Slide 12 illustrates how our wells results have continued to improve over time. This is average gross well head cumulative production versus time, vintaged by year of completion. When we started developing our acreage in 2011, our average well produced its first 100 MBOE in about 2.25 years. We took a step backwards in 2012 but rebounded in 2013, as we transitioned to zipper fracs, reaching a cume of 100 MBOE in less than a year. We continued to improve on that in 2014, as you can see our average well cumulative production out pacing 2013.
On to page 13, talking about well cost reductions. On average, we've lowered our AFEs by approximately $920,000, which primarily reflects the reduced completion costs associated with lower stimulation costs and our latest completion design. We expect this trend to continue as we already see our most recent chemical costs for stimulation continuing to decline below current AFE. We expect that decline in chemical prices to carry through on our drilling fluids too, as well as production chemicals for LOE. None of these most recent chemical cost reductions are incorporated into our current AFEs.
On the drilling side, we've changed our design to be more cost effective. On our 3-string wells, we're setting less surface casing, less intermediate casing, and drilling the intermediate whole section with water based mud. Combined with the retrofit of the pumps and their attended ROP improvements, optimized well designs and continued improvement of pricing for drilling as well as completion services, we have a pretty clear pathway to the additional 12% to 14% cost reductions illustrated on this slide.
For LOE, one of our largest single cost items has been salt water disposal, or SWD, which is disposing of our produced water. We now have our own disposal facility and well up and running and capable of handing 20,000 barrels of water per day, which would cover most of our current water production. Currently, however, less than 20% of our total water production is currently pipelined in to disposal system, with additional expansion under way. Even without a complete water pipeline system, we can truck water to our own facility instead of taking it to commercial third-party sites. So this facility should continue to drive down one of our largest LOE line items.
The next three pages are the three type curves that we are currently using. On page 14 is our Gonzales County type curve, which has the vast majority of our total well count over the last four years. The purple cloud you see in the background is actual range of well results. The yellow squares are the average monthly rates of these well histories. In the red line is our type curve projection, which, as you can see, is a very good fit as we try to make sure our projections match our history.
On page 15, it's the Shiner Six Pack now. We had previously referred to it as the Beer Quad. We've added a couple more units, but the actual area extends beyond six units in that area now. And the last type curve page, on page 16, is our Upper Eagle Ford type curve. You can note the shallower decline that this has demonstrated and one of the reasons we're very excited about our Upper Eagle Ford performance and drilling results that we've had.

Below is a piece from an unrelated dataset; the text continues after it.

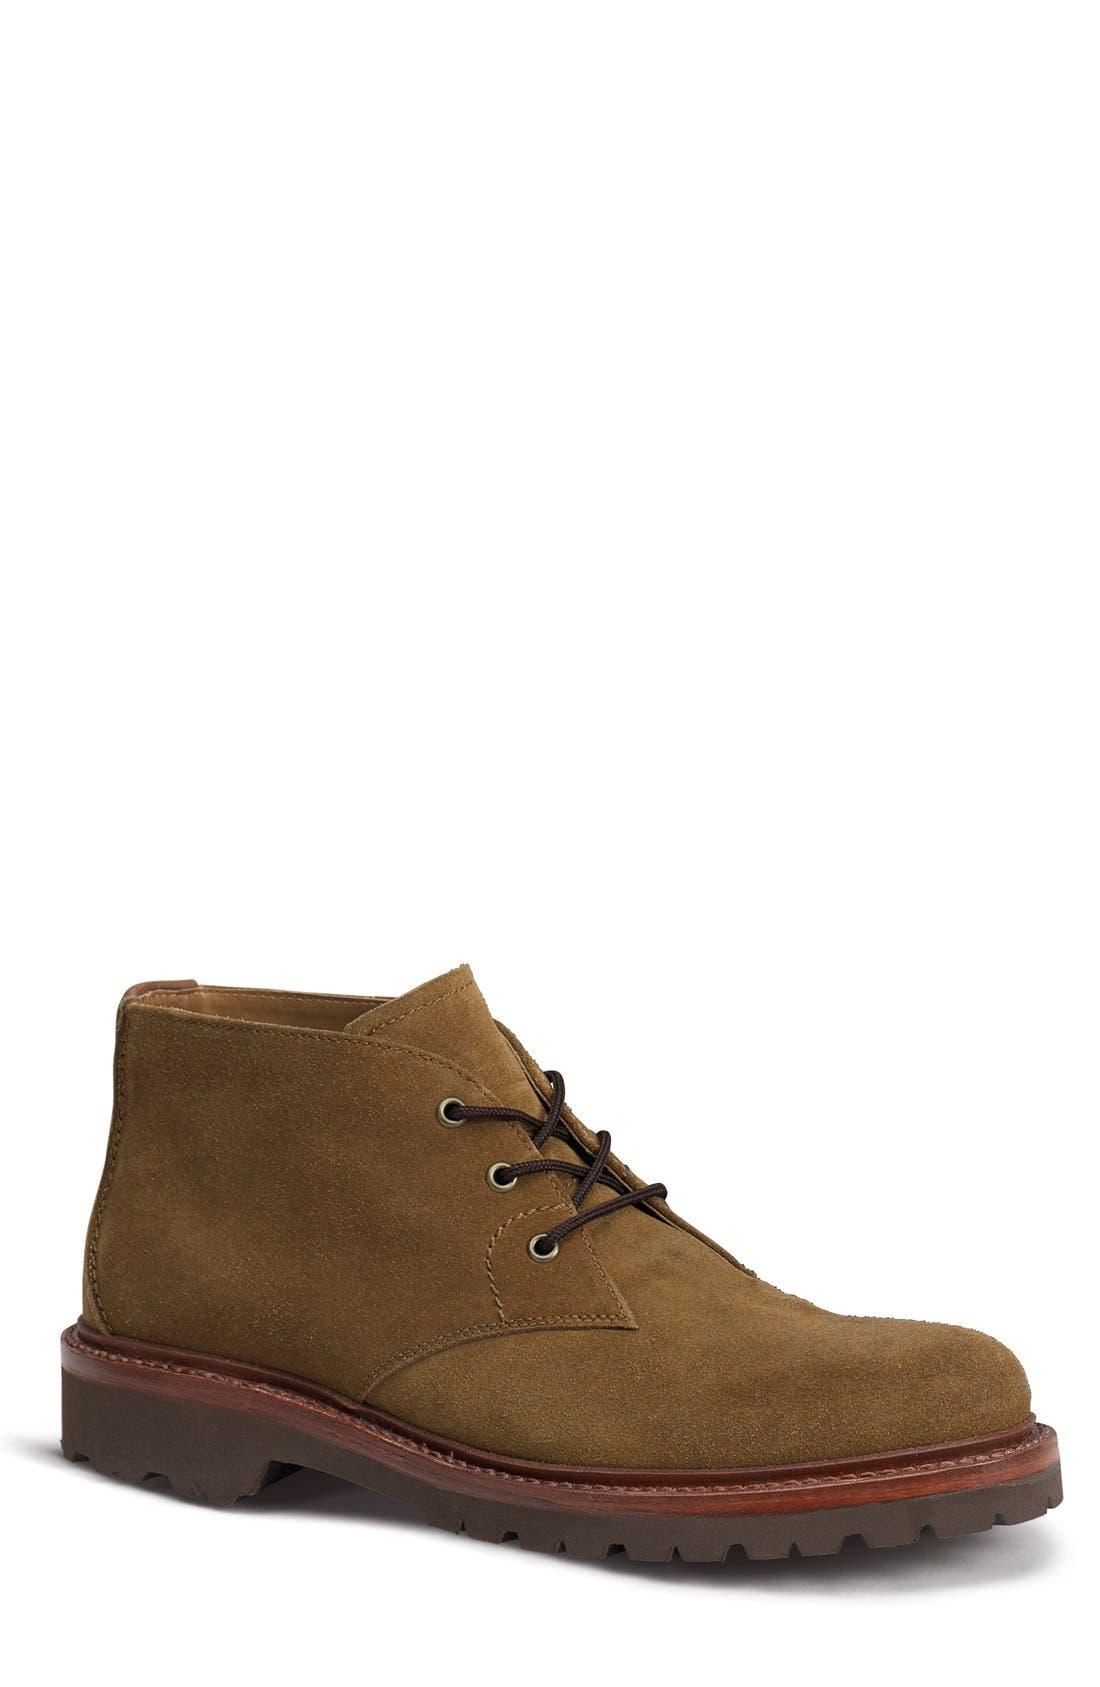 'Gulch II' Chukka Boot,                             Main thumbnail 1, color,                             024

At this time, I'll turn it over to our CFO, Steve Hartman, for the financial portion of the call.
- CFO
Okay, thanks, John, and good morning, everyone. In the financial section, I'm going to spend our time focusing on the 2015 guidance and liquidity. Our fourth-quarter and full-year financial results are summarized in the press release starting on page 2 for your review.
But first, I'd like to mention before moving in to guidance that we did record a significant impairment in the fourth quarter of $668 million. And as we explained in the release, the impairment is related to our legacy East Texas and Mid-Continent gas properties and is, of course, driven by low natural gas and NGL prices. The impairment takes their book values down to about $30 million each, so the DD&A rate from these fields in 2015 will be much lower than their previous rates.
Now, moving back to the slides. On slide 18, and starting with our capital allocation for 2015, we are planning to spend $295 million to $345 million, which will fund a three to four rig program for the year. This is a 60% midpoint drop in our capital spending compared to the $794 million we spent in 2014. We will be focused on high grading the drilling program, drilling our highest return prospects first. We are concentrating on development in the Upper Eagle Ford, Peach Creek and Rock Creek fields in Gonzales County, and the Lower Eagle Ford in Lavaca County mostly in and around the Shiner Six Pack area.
This should provide production growth of 17% to 29% pro forma for the sale of our Mississippi assets and a litigation-related volume adjustment in third-quarter 2014. We plan to invest $15 million to $20 million in land acquisition, which along with our drilling program should keep our undrilled acreage and location inventory flat year-over-year. We have discontinued the new ventures program and have no money allocated to exploration or lease acquisition in new plays. We will consider restarting this effort when prices improve.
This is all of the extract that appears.